In our specific example data frame, we have the problem that some missing values are represented by blank character strings.

We can print all those blanks to the RStudio console as shown below:

data[data == ""]                                          # Print blank data cells
#  [1] NA NA NA "" "" "" "" "" "" "" "" "" "" NA NA NA NA NA NA NA NA NA NA

If we want to assign NA values to those blank cells, we can use the following syntax:

data[data == ""] <- NA                                    # Replace blanks by NA

Another typical problem with missing values – that also occurs in our data set – is that NA values are formatted as the character string “NA”.

Let’s have a closer look at the column col2:

data$col2                                                 # Print column
#  [1] "1"  "2"  "3"  "4"  "5"  "1"  "NA" "1"  "1"  "NA"

As you can see in the previous output, the NA values in this column are shown between quotes (i.e. “NA”). This indicates that those NA values are formatted as characters instead of real NA values.

We can change that using the following R code:

data$col2[data$col2 == "NA"] <- NA                        # Replace character "NA"

Let’s have another look at our updated data frame:

data                                                      # Print updated data frame

 

table 3 data frame data cleaning

 

In Table 3 it is shown that we have converted all empty characters “” and all character “NA” to true missing values.

 

Example 3: Remove Empty Rows & Columns

Example 3 demonstrates how to identify and delete rows and columns that contain only missing values.

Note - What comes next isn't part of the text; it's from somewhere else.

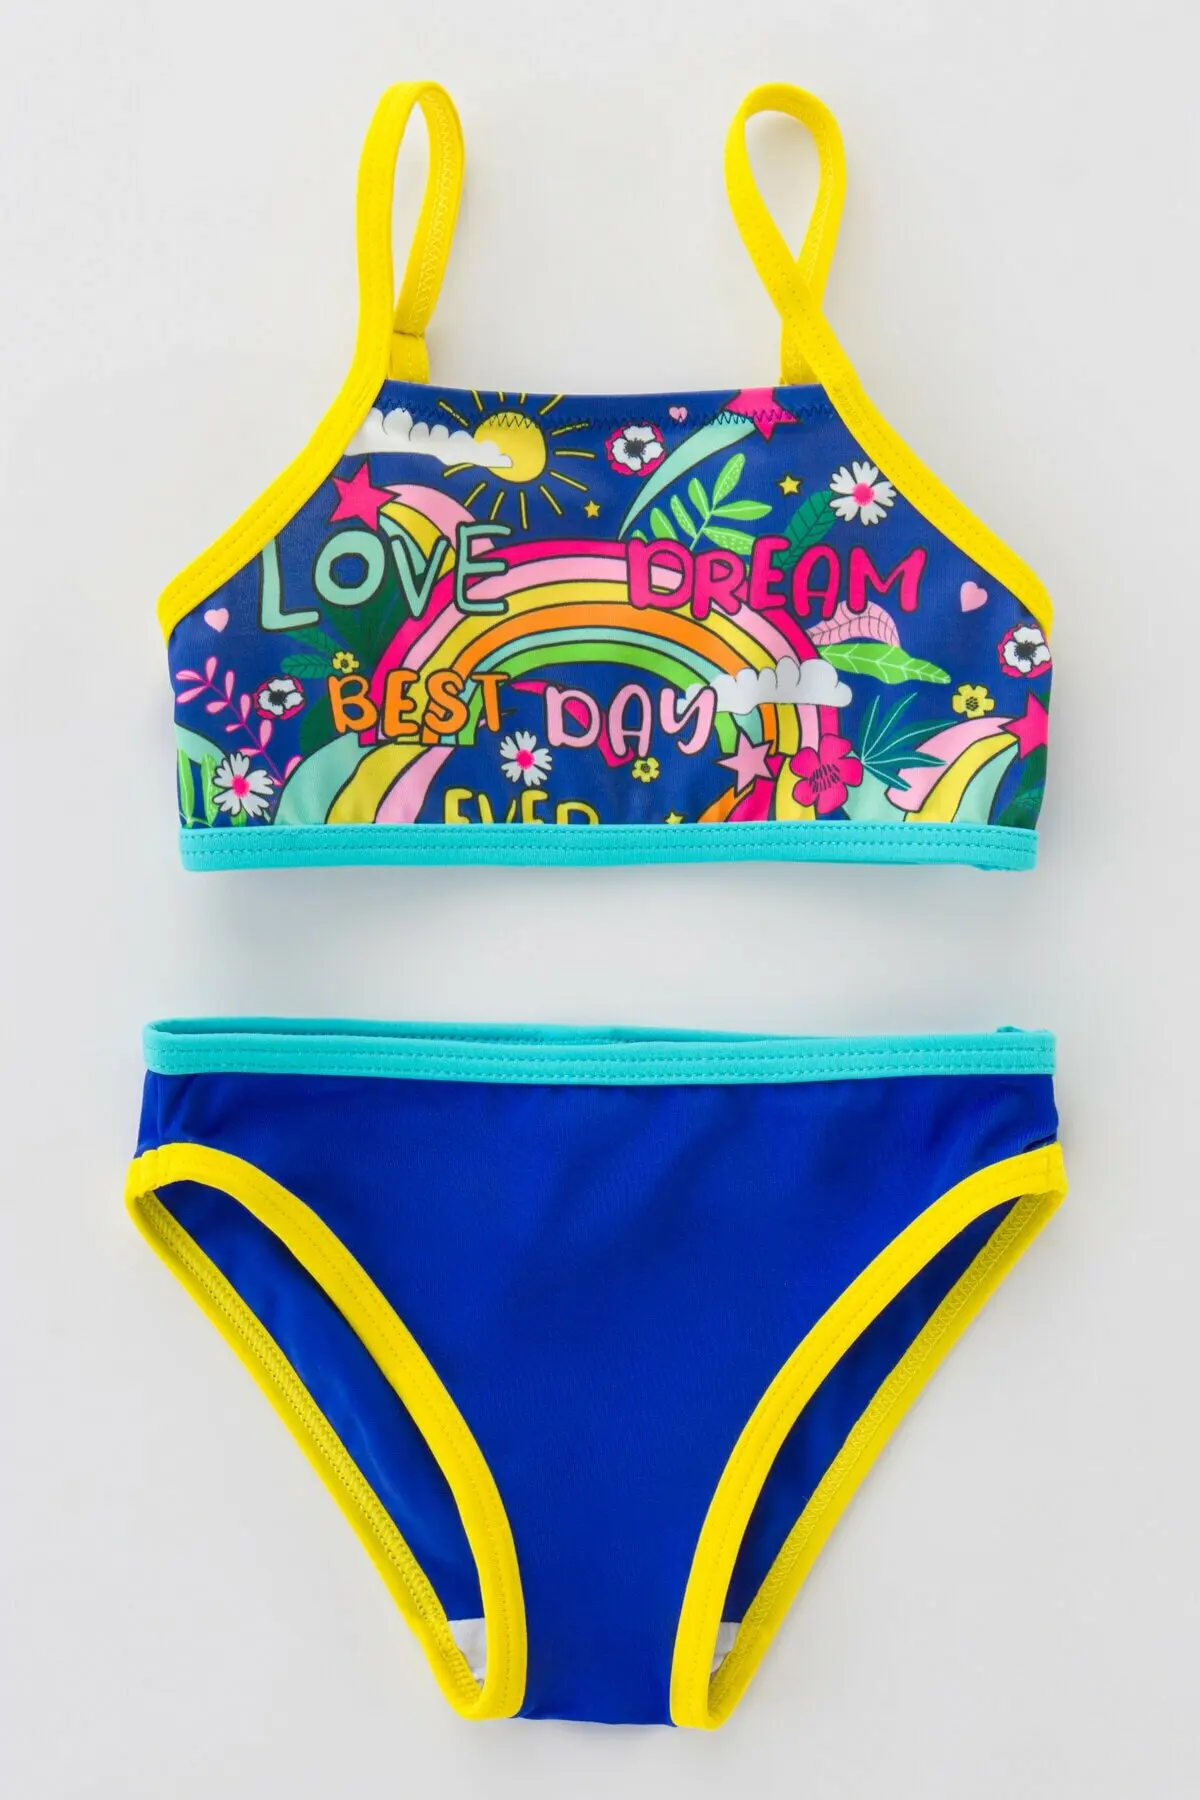 LOOK FOR YOUR WONDERFUL NIGHTS WITH ITS STUNNING Girl Blue Patterned Bikini Set FREE  SHIPPING

On a side note: Example 2 was also important for this step, since the false formatted NA values would not have been recognized by the following R code.

The syntax below demonstrates how to use the rowSums, is.na, and ncol functions to remove only-NA rows:

data <- data[rowSums(is.na(data)) != ncol(data), ]        # Drop empty rows
data                                                      # Print updated data frame

 

table 4 data frame data cleaning

 

As shown in Table 4, the previous R syntax has kept only rows with non-NA values.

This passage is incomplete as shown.